Let me make a quick safety note.  Occasionally feel the plug and outlet connection on a heater like that.  I've had a few 1500 watt heaters that had poorly made plugs that got very hot to the point of being dangerous.


----------



## EatenByLimestone (Dec 10, 2013)

04HemiRam2500 said:


> I wanted to mention that the Harbor freight electric wood stove is perfect for the money. I have it on the other side of the house away from the wood stove and it is making that side of the house equal temps. With a 25% off coupon you can not beat the price to help warm those rooms that the stove heat has a hard time getting to! My room with the stove was 74 at one point yesterday and the room with the electric stove was 73!
> 
> http://www.harborfreight.com/7501500-watt-wood-stove-style-electric-heater-68754.html




Where is this 25% coupon?  I remember the 20% ones, but haven't seen one in some time.


----------



## CenterTree (Dec 10, 2013)

Sprinter said:


> Let me make a quick safety note.  Occasionally feel the plug and outlet connection on a heater like that.  I've had a few 1500 watt heaters that had poorly made plugs that got very hot to the point of being dangerous.


Absolutely, ,,, and NEVER leave that thing running while away from the house.    I had one MELT (cord) while I was watching TV nearby.

We have a electric stove almost identical to the one you posted from HF.  It looks fairly realistic too, however within one season the elements died.

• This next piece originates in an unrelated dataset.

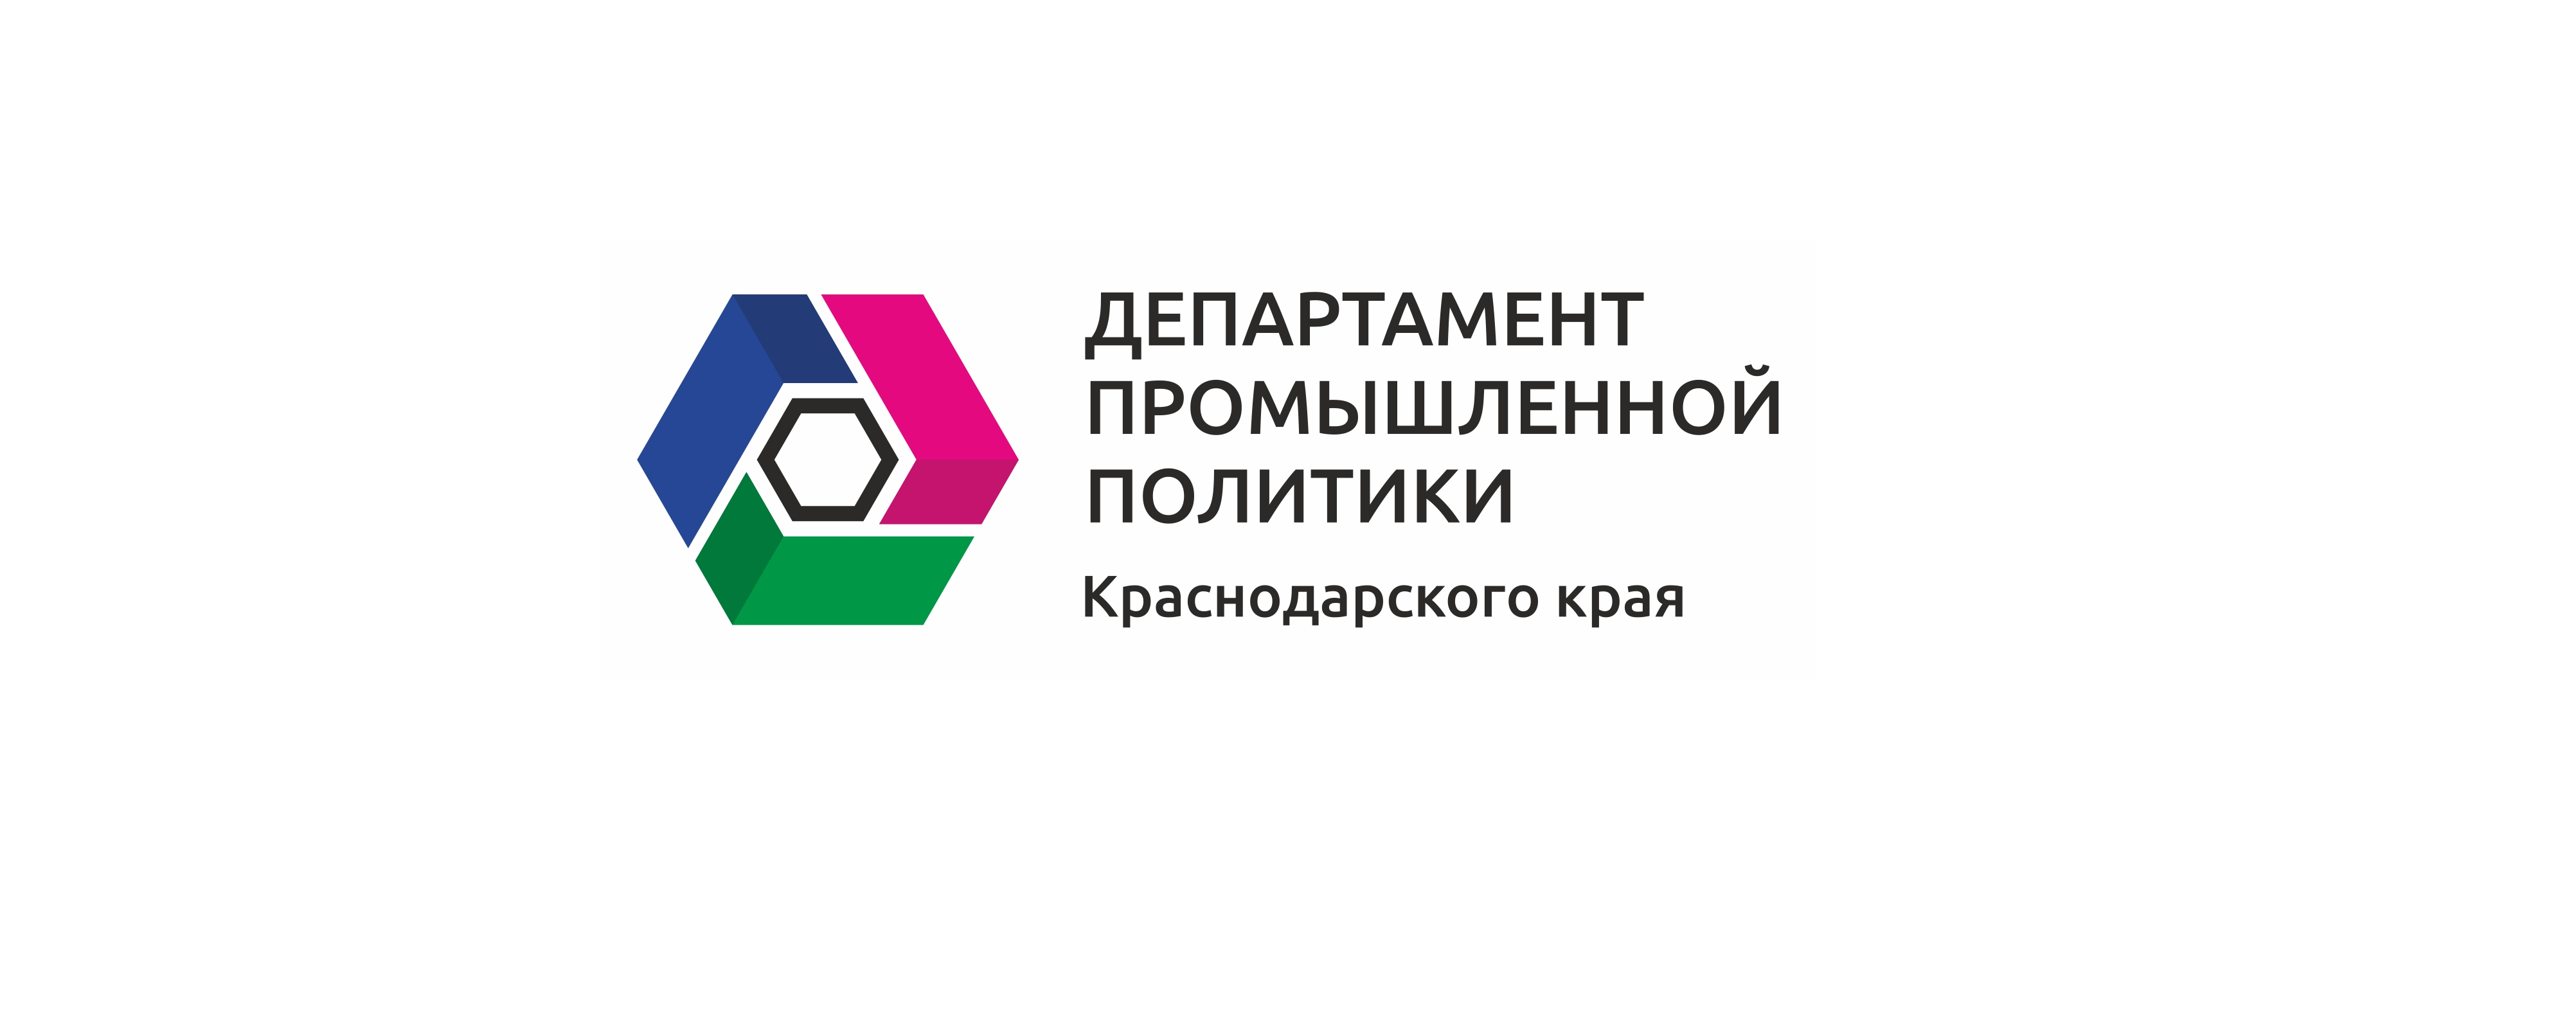 Департамент промышленной политики Краснодарского края сообщает

So now it throws no heat.   It still makes those fake flames though.

Note: Some hairdryers are 1500watts.


----------



## rwhite (Dec 10, 2013)

I have a dimplex electric stuffed in my basement fireplace. Have run it for 4 years without issue.


----------



## Papa-Yankee-Romeo-Oscar (Dec 10, 2013)

My sister in-law is on her second one. The first one lasted about 2 weeks and stopped heating. Blower still worked and pretty little fake fire still worked but no heat. Now on second week with number two....we'll see how long this one lasts.


----------



## DanCorcoran (Dec 10, 2013)

I've been getting 25% coupons in the AARP publications for several months now.  They used to be 20%.


----------



## fbelec (Dec 10, 2013)

i've worked on a couple of those electric fireplaces. in the 3 that i worked on all three it was the heating element switch. the separate switch for turning on the element. in all three they melted. all three people when buying the unit would have gave the extra dollar it would have cost the company's that make them to put in a better switch higher quality higher amp switch than the cheap 15 amp switch it came with


----------



## begreen (Dec 10, 2013)

I have a 25 year old Braun heater that I love. It warms my office quietly and comfortably. I run it on low (600w) because that is enough to do the job. This year I took it apart and replace the thermostat (contacts were badly pitted after 25 yrs of use). I also cleaned and oiled the motor. Hope it can go another 25 yrs.. I don't want anything else.


----------



## Sprinter (Dec 10, 2013)

begreen said:


> I have a 25 year old Braun heater that I love. It warms my office quietly and comfortably. I run it on low (600w) because that is enough to do the job..


I have one like that too.  Every space heater I've owned in the last 20 years or so, I keep on low or medium settings (well, most of the time...).  It's not only safer but the appliance lasts longer.  And some are made better than others for sure.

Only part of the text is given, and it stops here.